* Collected data *
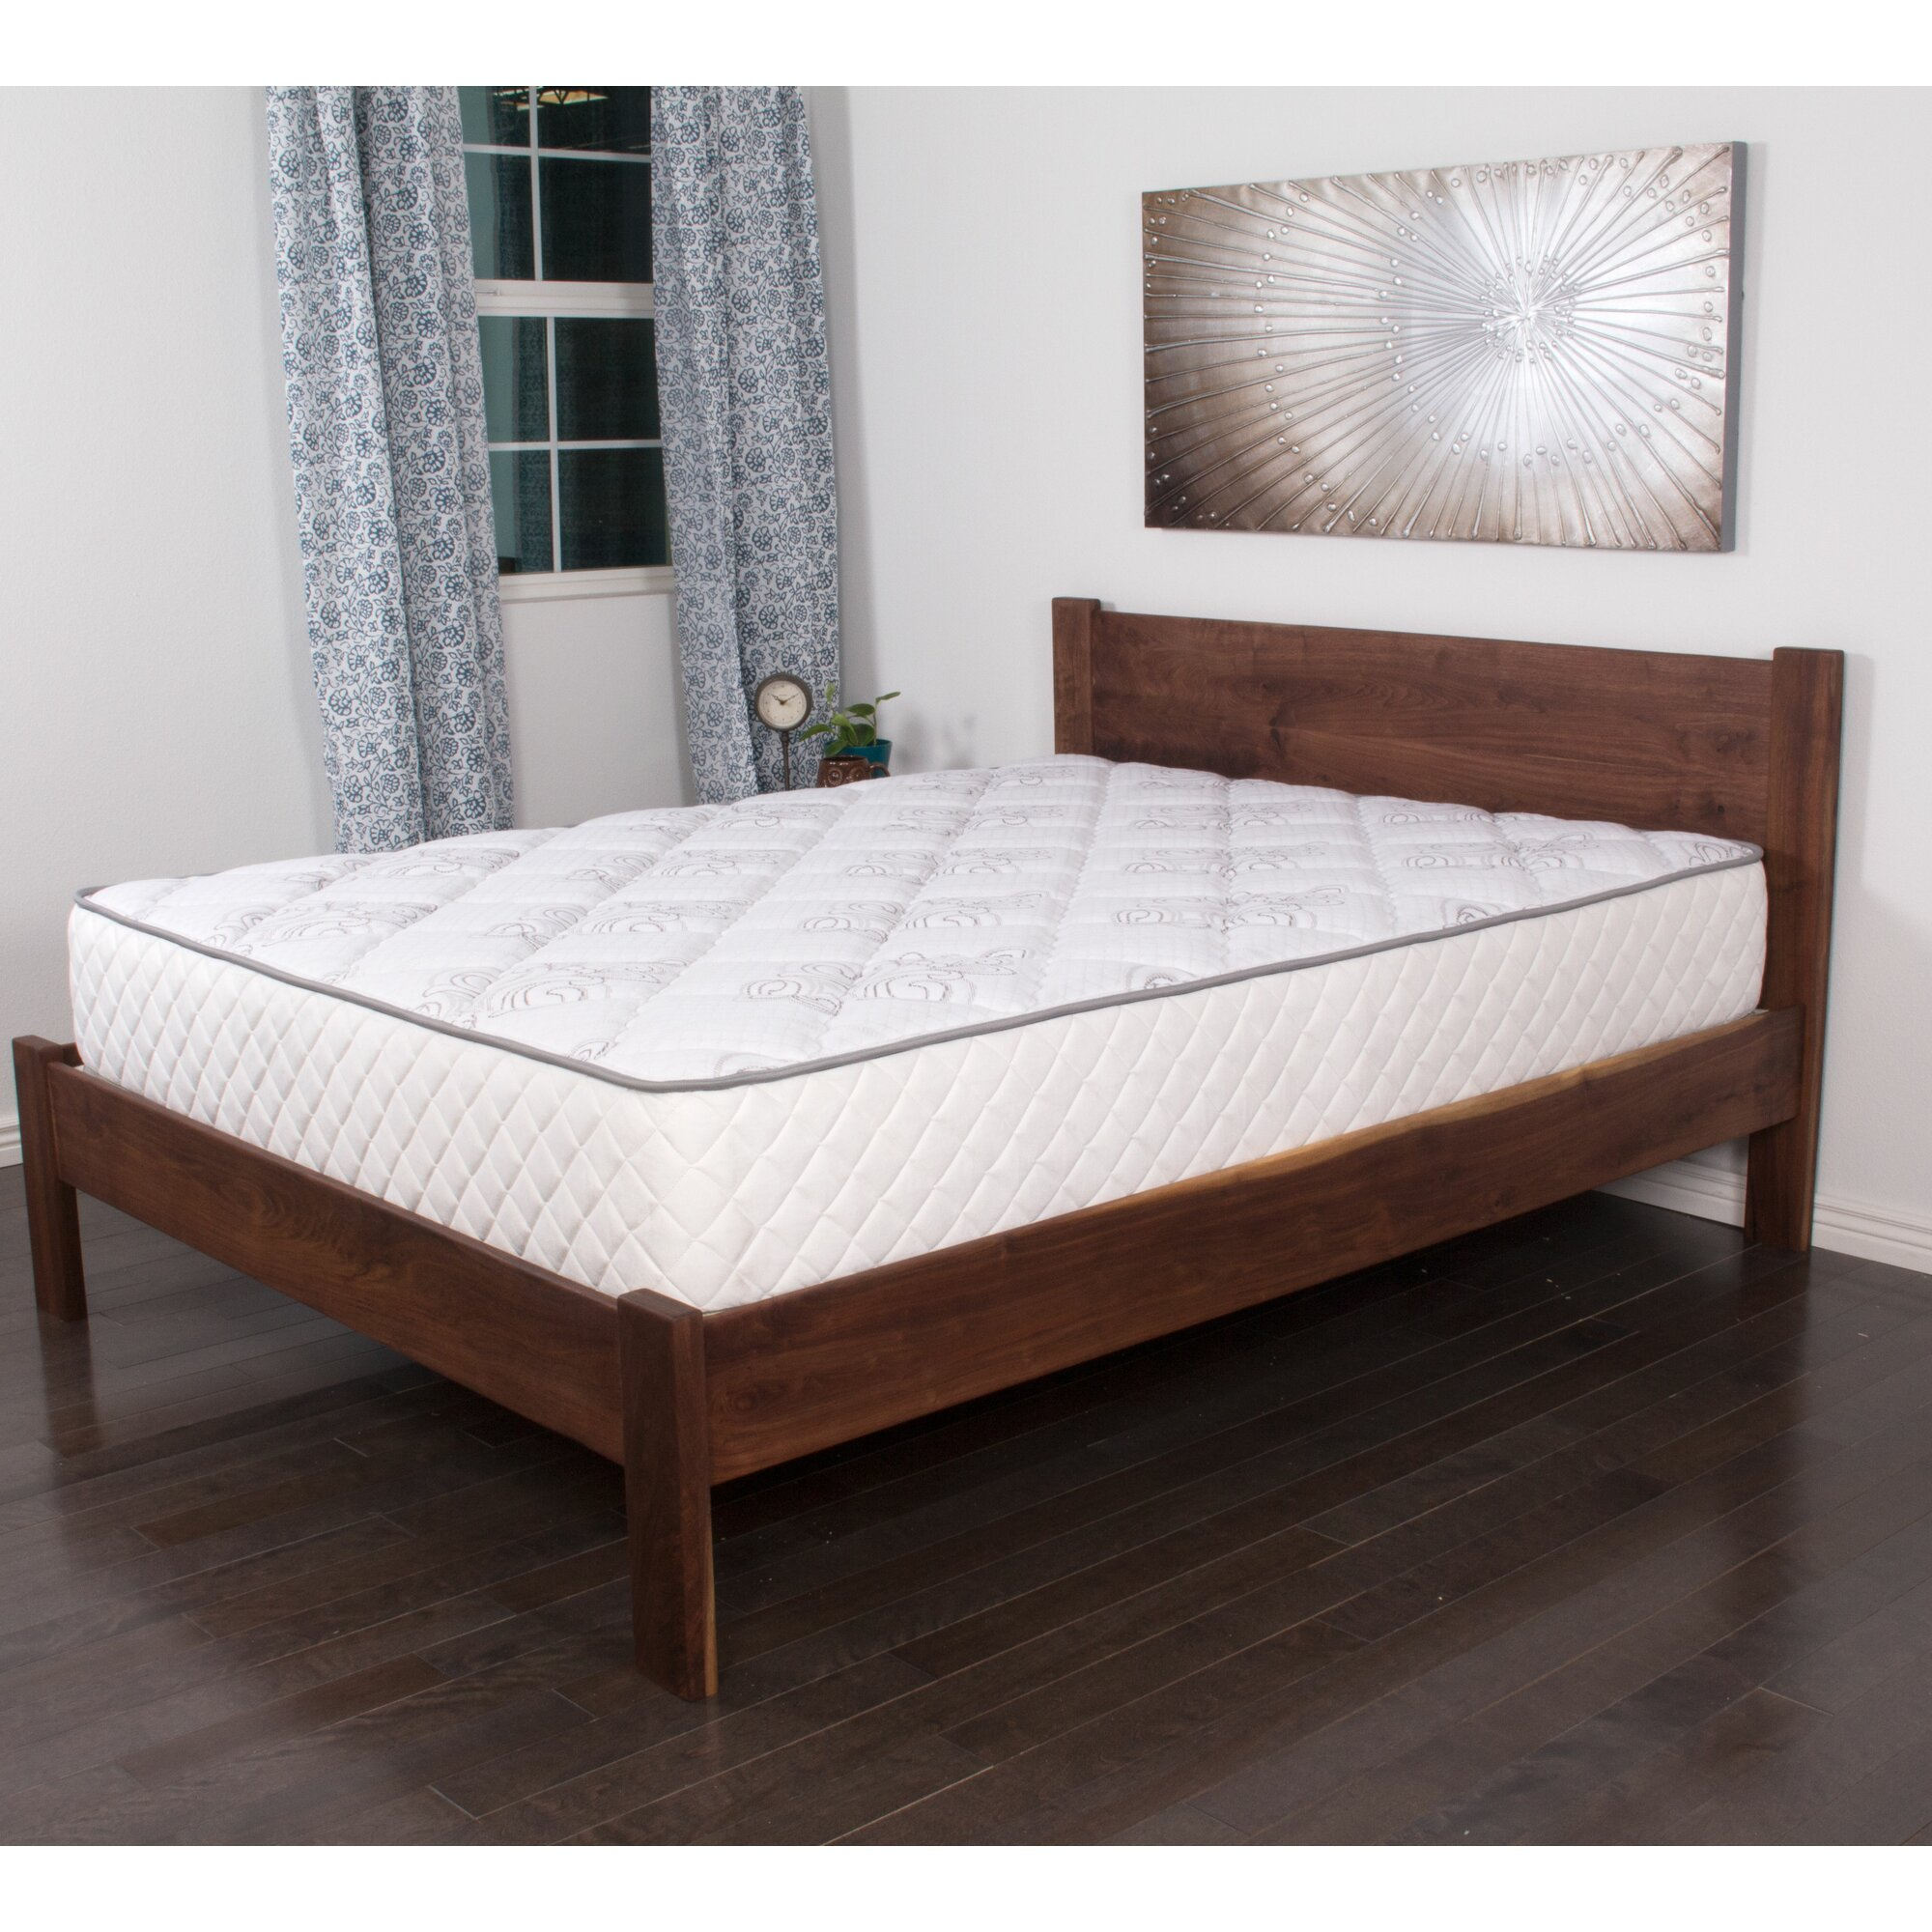 wayfair sleep wayfair sleep 10 firm innerspring mattress reviews. Black Bedroom Furniture Sets. Home Design Ideas
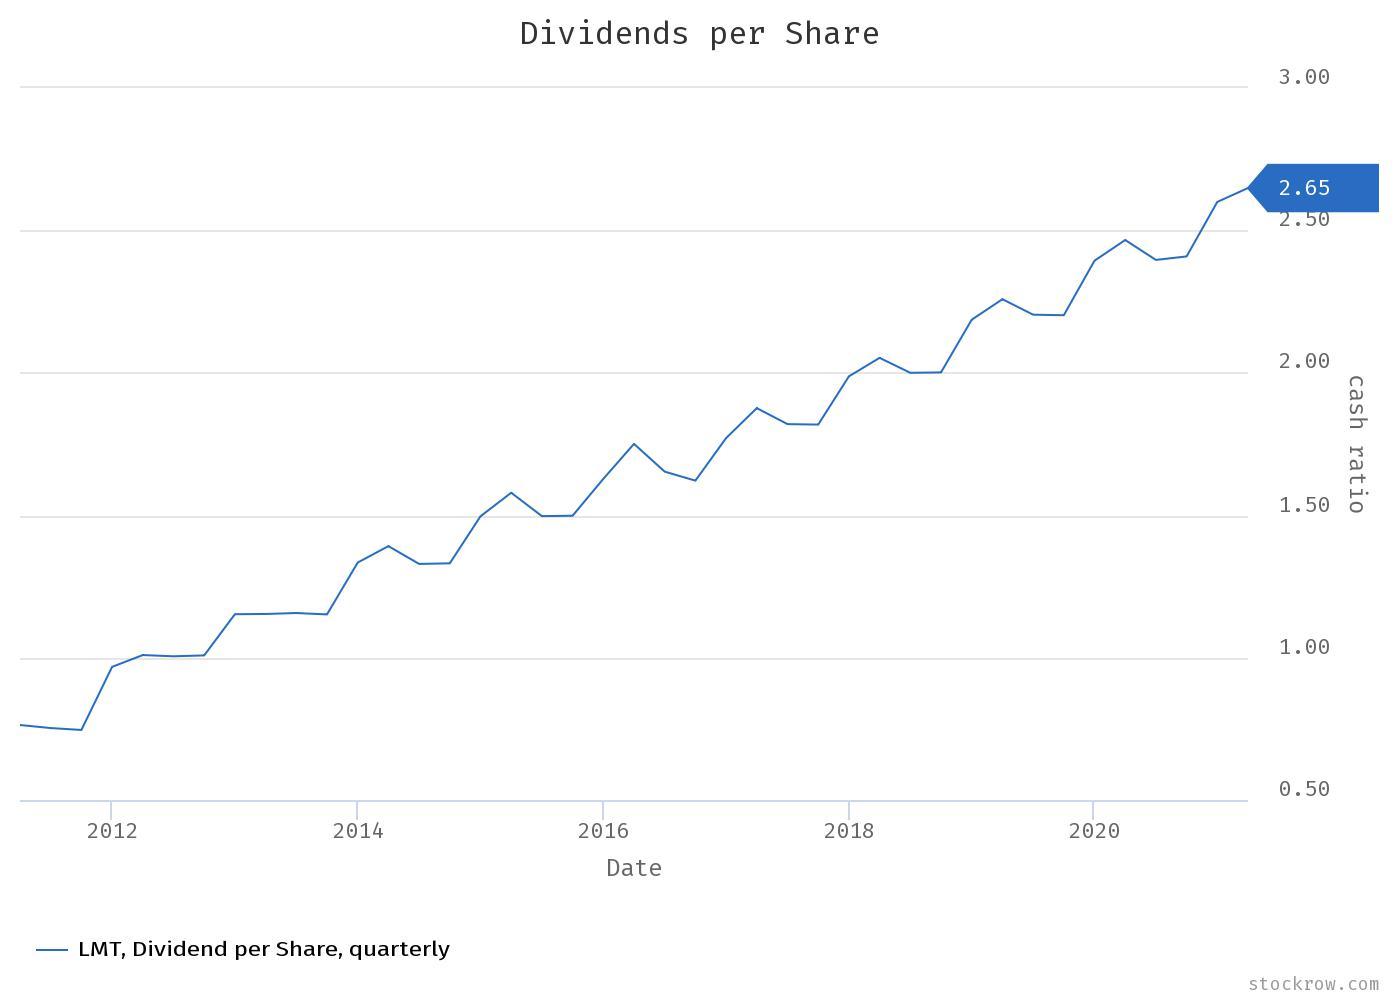 Lockheed Martin Stock Analysis, Dividends Per Share Chart
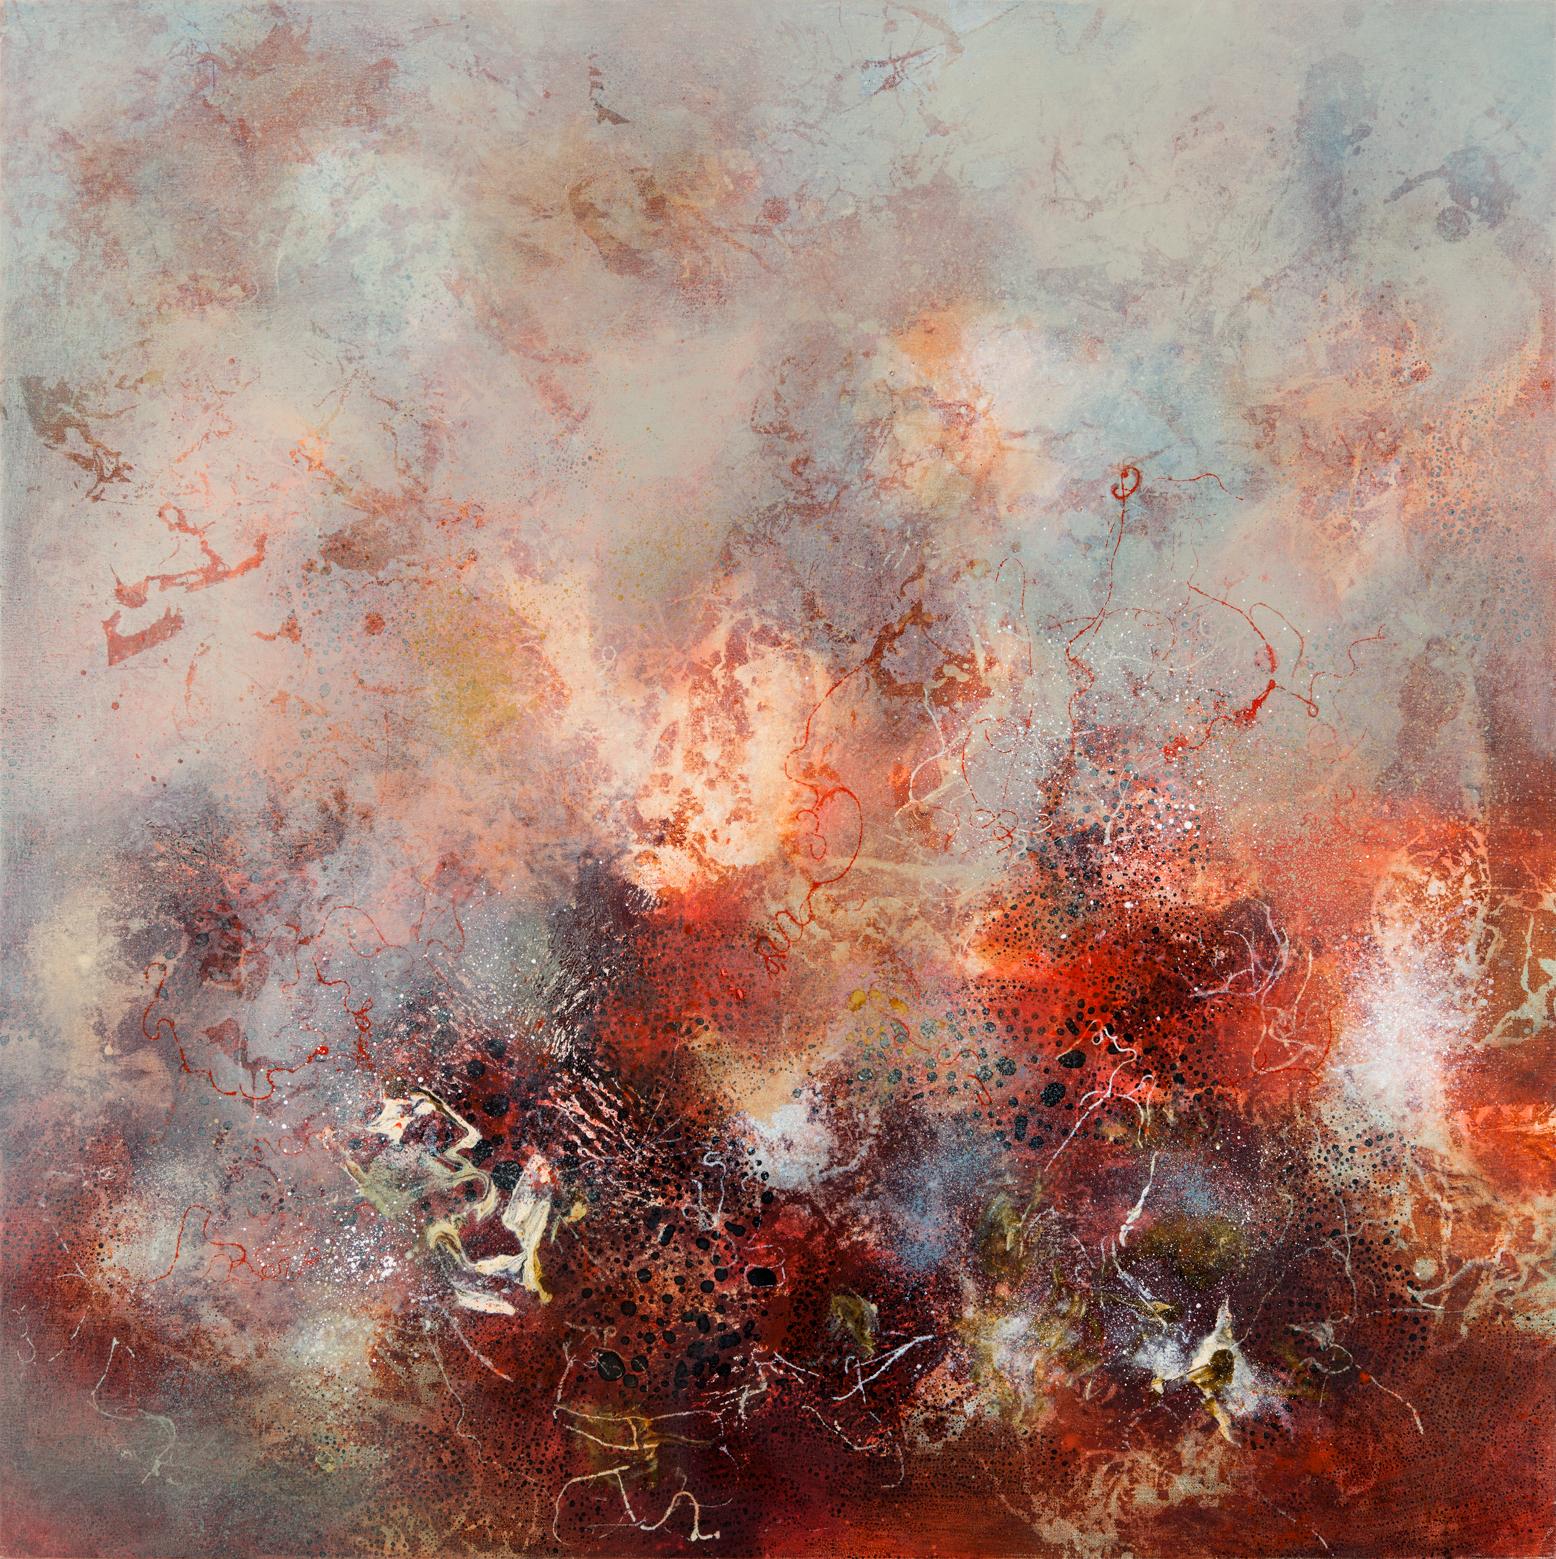 Primal Matter III, oil on canvas, 102 x 102 cm

* Exercise aim *
The data should be printed again unchanged; leave its pictures out.

* Response area *
 wayfair sleep wayfair sleep 10 firm innerspring mattress reviews. Black Bedroom Furniture Sets. Home Design Ideas
 Lockheed Martin Stock Analysis, Dividends Per Share Chart
 Primal Matter III, oil on canvas, 102 x 102 cm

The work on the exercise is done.